----- Data excerpt -----
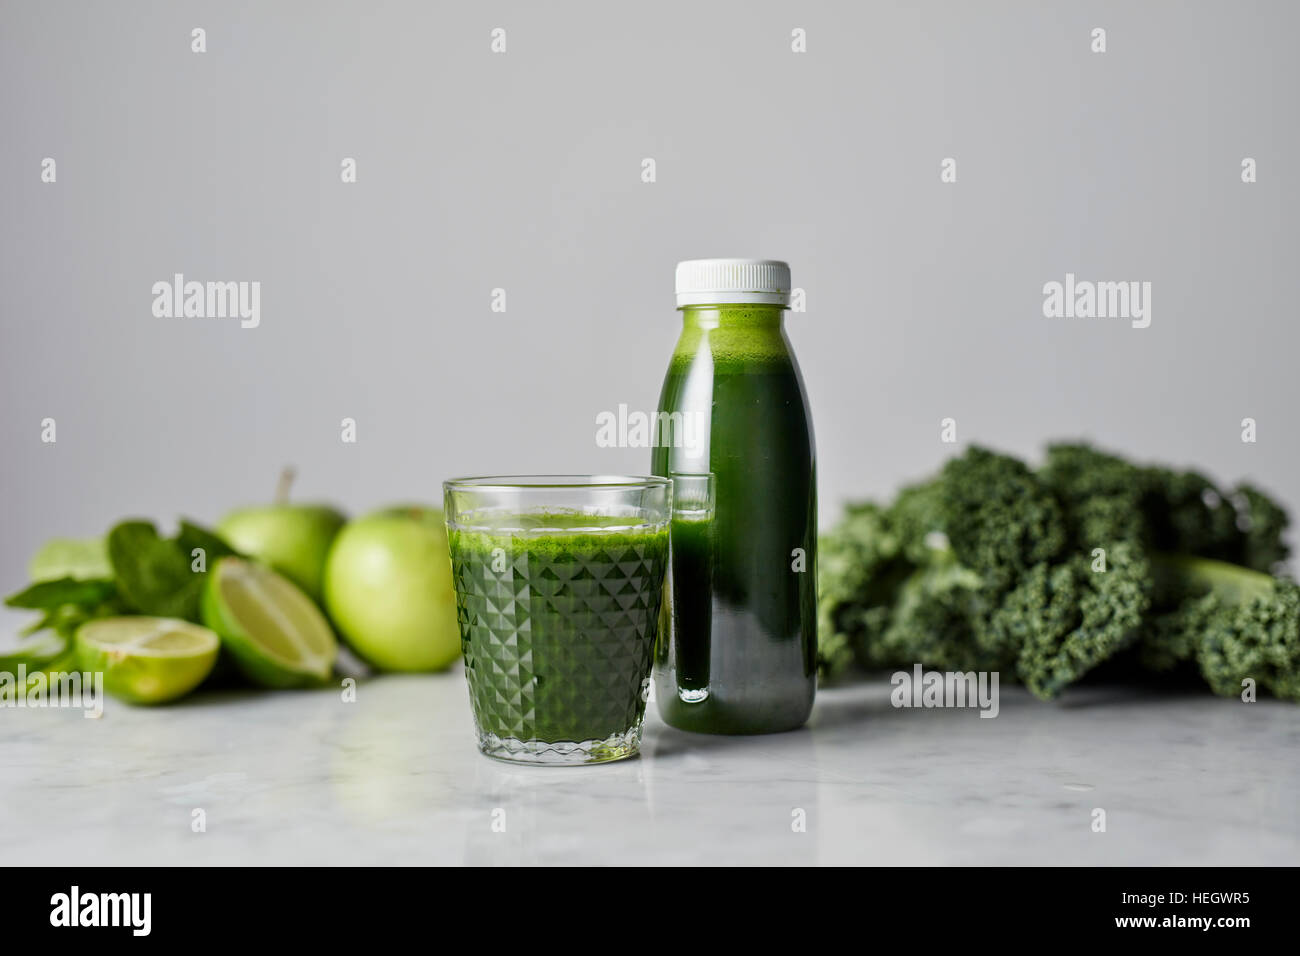 La col rizada verde fresco jugo de manzana orgánica saludable vitaminas kale lime vaso para beber una botella plástica Foto de stock
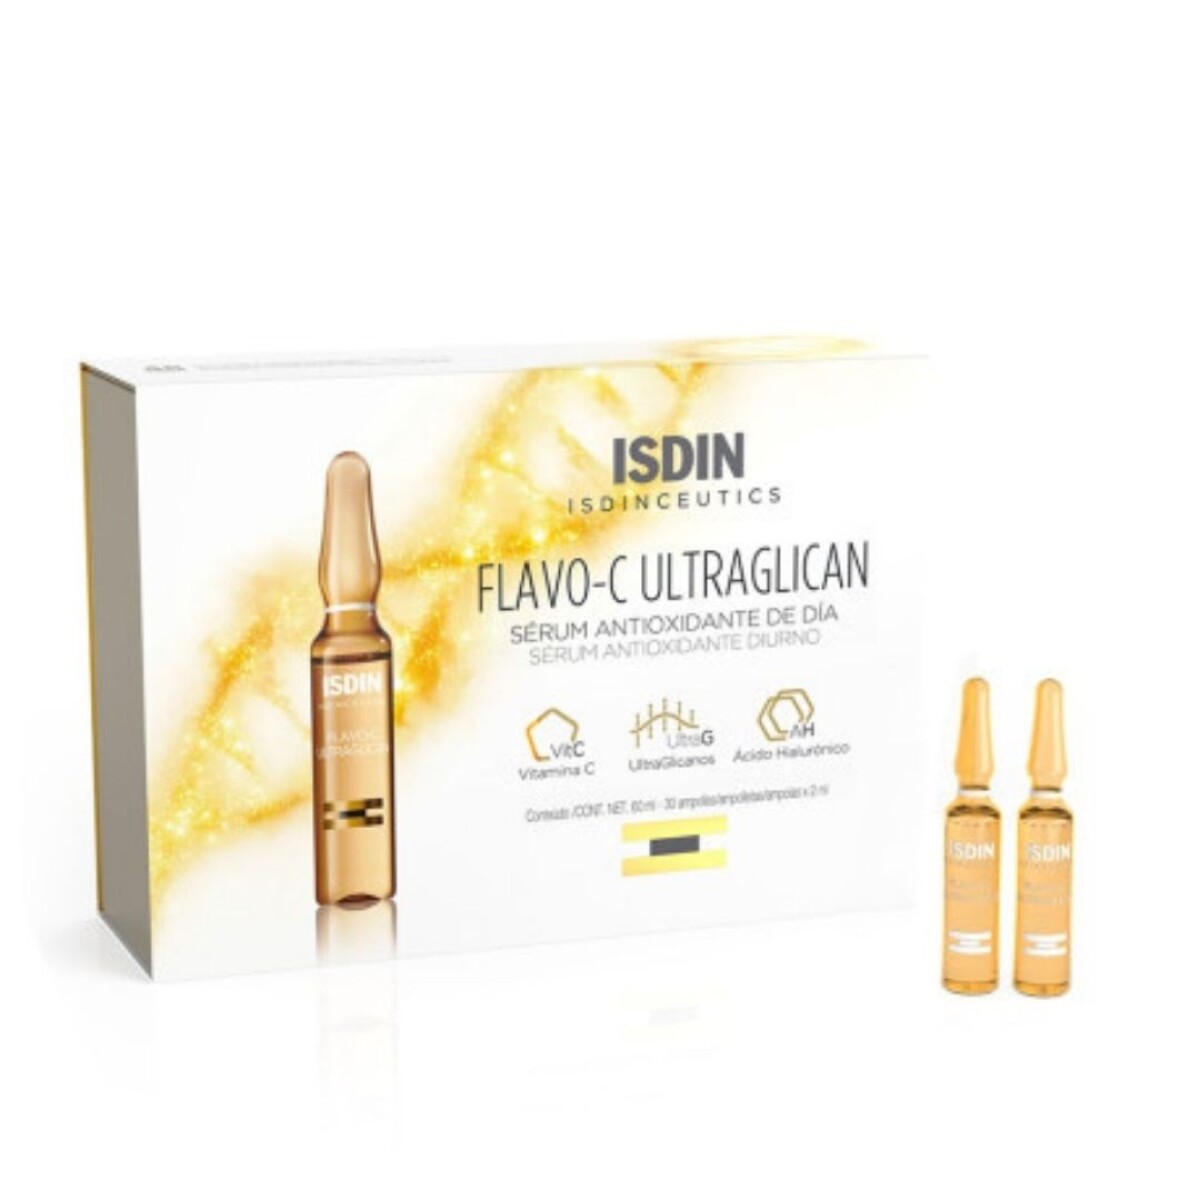 Isdinceutics Flavo-C Ultraglican - ISDIN 
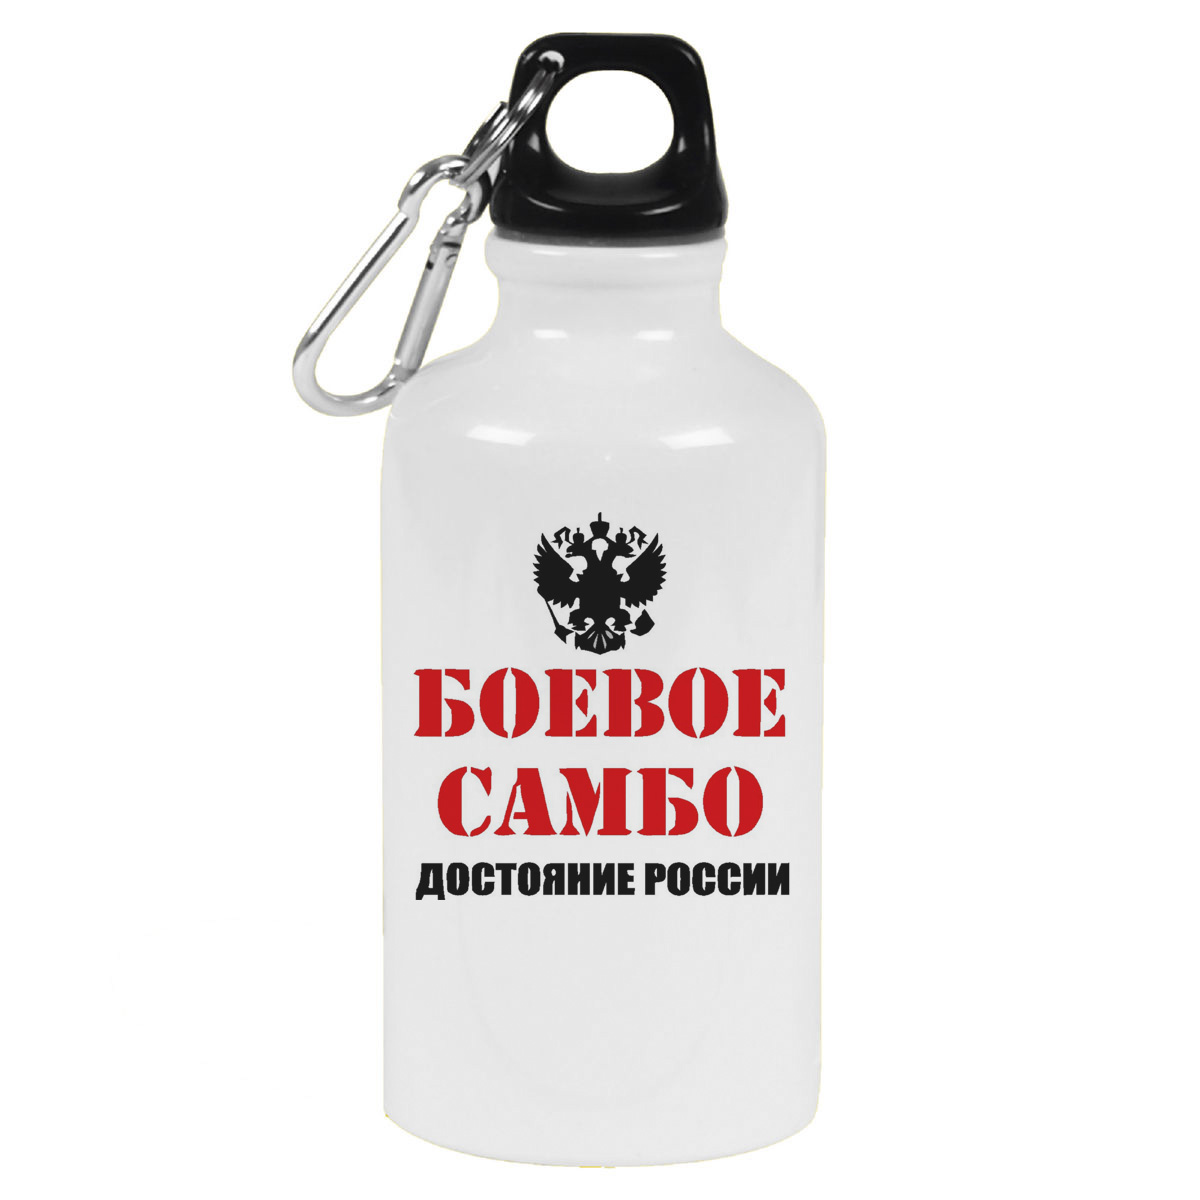 Бутылка спортивная CoolPodarok Бевое самбо достояние России
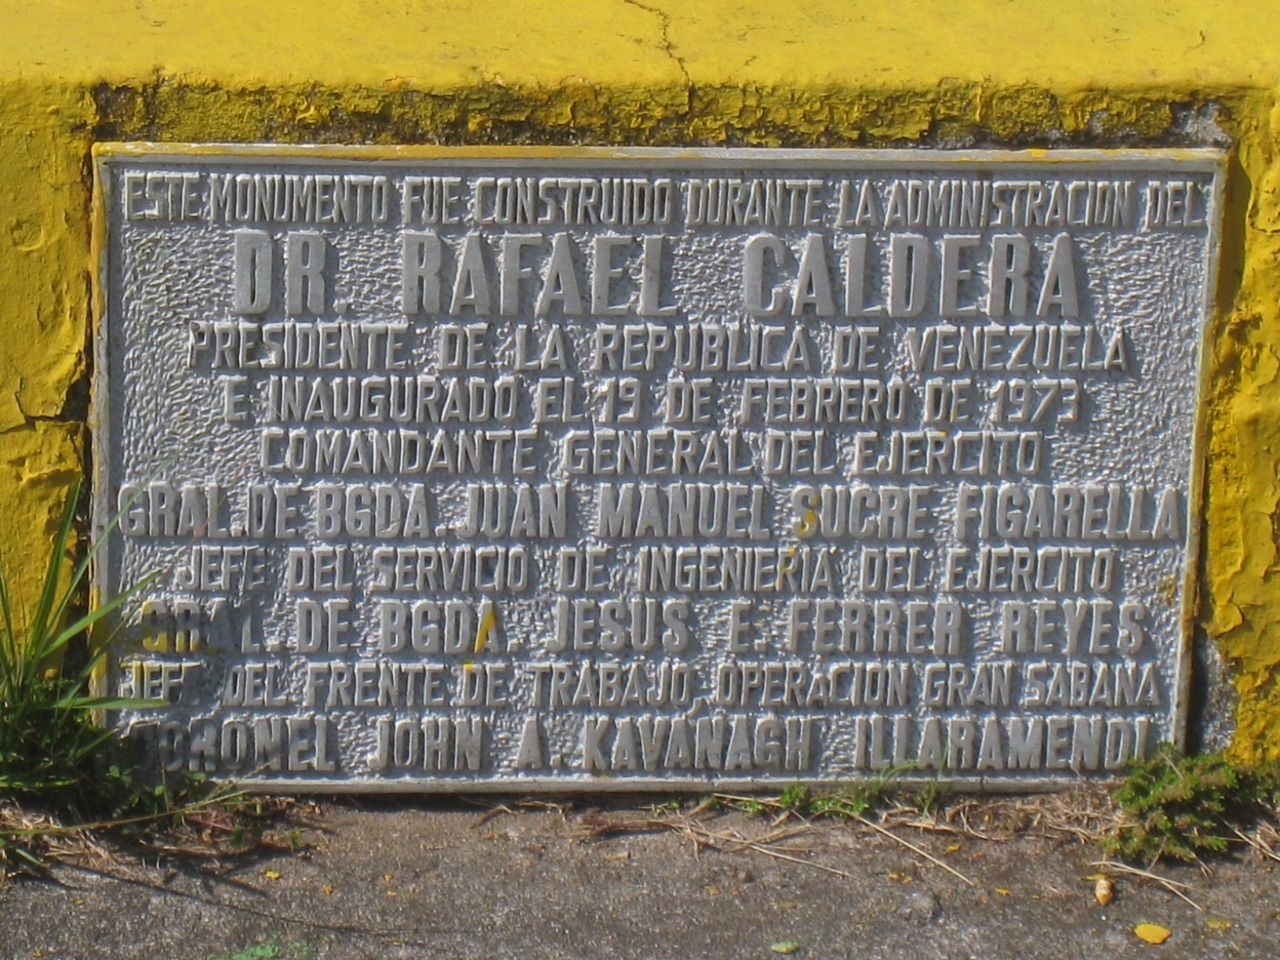 Цитадель, памятник солдату-пионеру и местные маландрос. Ч.40 Национальный парк Канайма, Венесуэла
-----
* **Required action**
Repeat the data above in full and exactly. Omit every image.

* **Written answer**
 La col rizada verde fresco jugo de manzana orgánica saludable vitaminas kale lime vaso para beber una botella plástica Foto de stock
 Isdinceutics Flavo-C Ultraglican - ISDIN 
 Бутылка спортивная CoolPodarok Бевое самбо достояние России
 Цитадель, памятник солдату-пионеру и местные маландрос. Ч.40 Национальный парк Канайма, Венесуэла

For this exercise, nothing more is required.